Selective migration of Muse cells to the site of damage following intravenous administration. A rabbit AMI model 3 days after intravenous injection of nano-lantern-Muse and -non-Muse MSCs exhibited specific homing of Muse cells to the post-infarct heart, while non-Muse cells were trapped in the lung and rarely homed to the heart tissue (Yamada et al., 2018).

FIGURE 3

(A) Differentiation of Muse cells into the same cell type as the phagocytosed apoptotic cells. (B) Molecular mechanism of how Muse cells recycle signals from the up-taken damaged/apoptotic cells necessary for differentiation, such as transcription factors. (C) Single-cell RNA sequencing of human Muse cells (original Muse cells) after phagocytosing apoptotic cell fragments of mouse hepatic (Hepatic), mouse cardiac (Cardiac), and rat neural (Neuronal) cells at 7 days (Wakao et al., 2022).

FIGURE 4

Mechanism of pluripotency maintenance in Muse cells. (A) In naive Muse cells, let-7 maintains the expression of pluripotency genes and inhibits proliferation and glycolysis by inhibiting the expression of IGF1R and IRS2 to repress the PI3K-AKT pathway. The PI3K-AKT pathway negatively controls the expression of KLF4, which promotes the expression of POU5F1(OCT3/4), SOX2, and NANOG. The PI3K-AKT pathway directly inhibits proliferation and glycolysis. The MEK/ERK pathway, which seems not affected by let-7, suppresses the PI3K-AKT pathway by reducing the phosphorylation level of AKT. This pathway also inhibits the expression of KLF4, but it virtually does not affect the expression of pluripotency genes and is suggested to suppress senescence and maintain self-renewal of Muse cells. (B) Effect of let-7 knockdown (KD) on the PI3K-AKT and MEK/ERK pathways in Muse cells.

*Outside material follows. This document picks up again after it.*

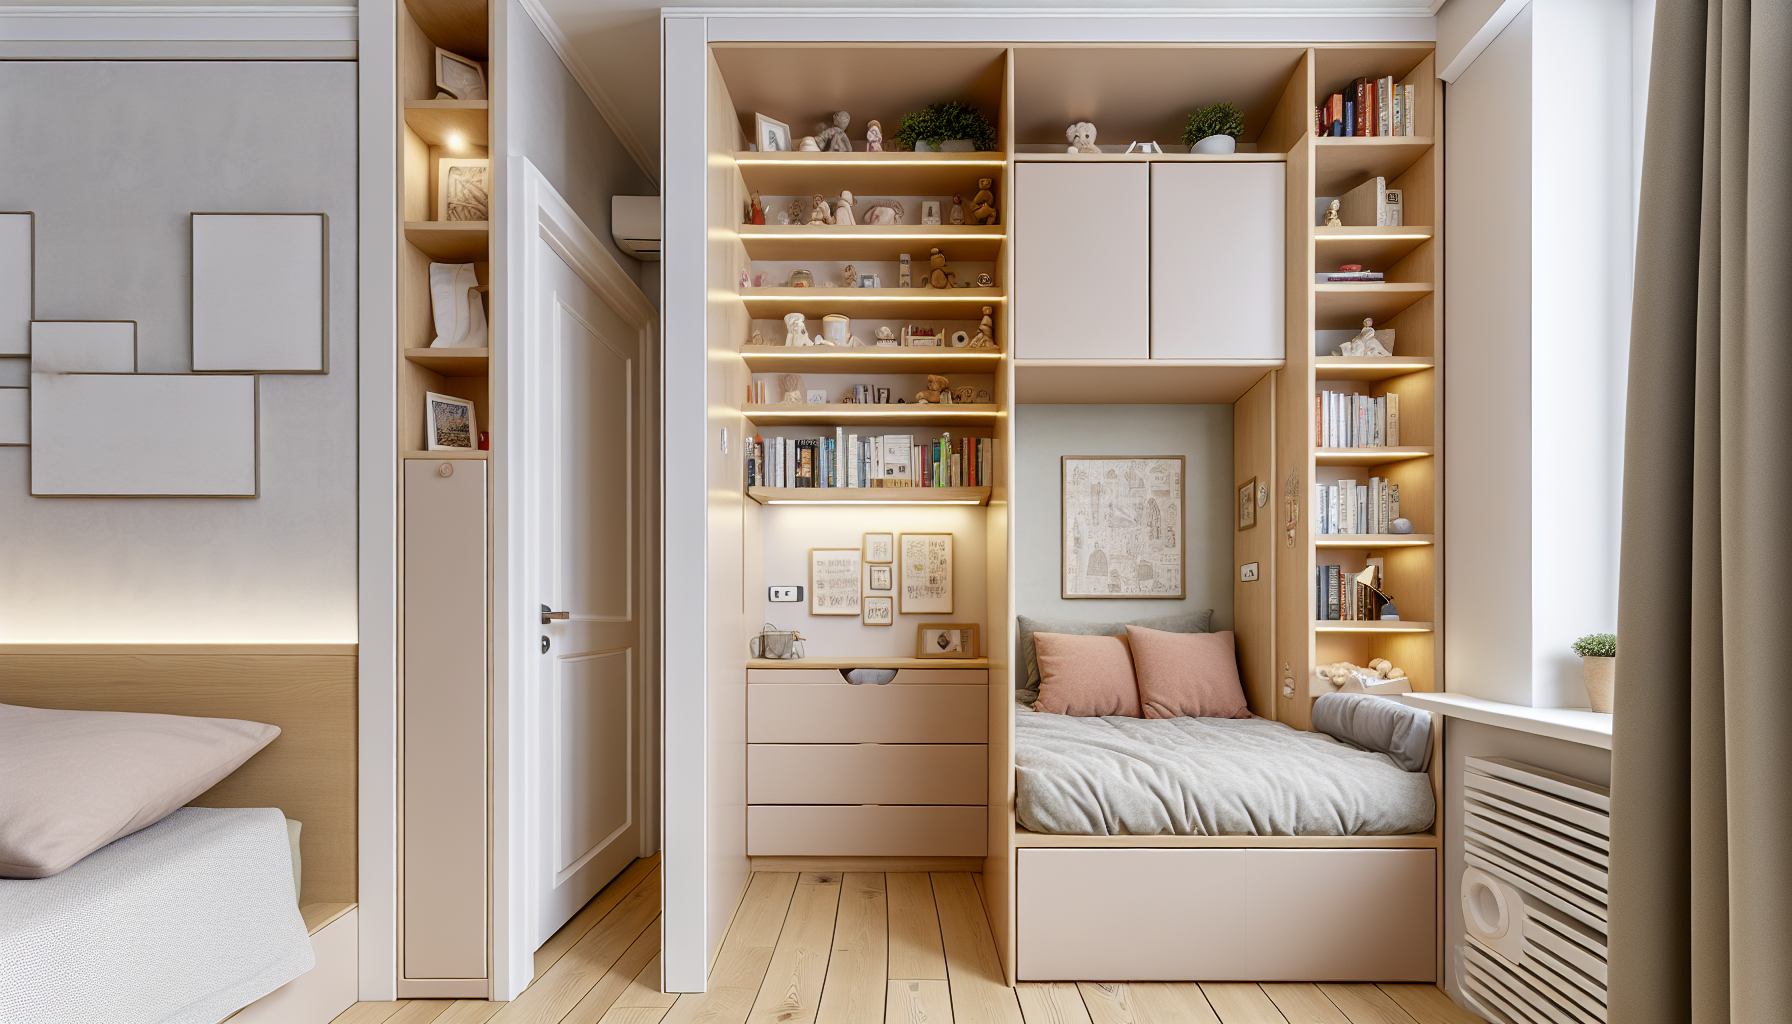 Inteligentne rozwiązania do przechowywania dla małych sypialni z otwartymi półkami i wbudowanymi narożnikami przy łóżkach

The PI3K-AKT pathway is more activated than in naive Muse cells. Increased AKT phosphorylation inhibits the expression of KLF4, which leads to the downregulation of POU5F1(OCT3/4), SOX2, and NANOG. On the other hand, cell proliferation and glycolysis were promoted. The MEK/ERK pathway reduces the phosphorylation level of AKT and also suppresses cell senescence (Li et al., 2024).

FIGURE 5

Strategy for Muse cell therapy. 1) HLA-mismatched donor Muse cells can be directly administered to patients without immunosuppressants due to specific immunotolerance; 2) since Muse cells selectively migrate to the damage site by sensing S1P produced by damaged cells, intravenous injection is a more efficient method of delivering them to the damaged site than a surgical approach; 3) unlike ES and iPS cells, Muse cells are already pluripotent-like and do not require differentiation induction because they can differentiate into the same cell type as the damaged/apoptotic cell through phagocytosis; and 4) Muse cells remain in the homed tissue for an extended period without rejection, and therefore, their bystander effects such as anti-apoptotic and anti-fibrosis effects and neovascularization are long-lasting (Minatoguchi et al., 2024).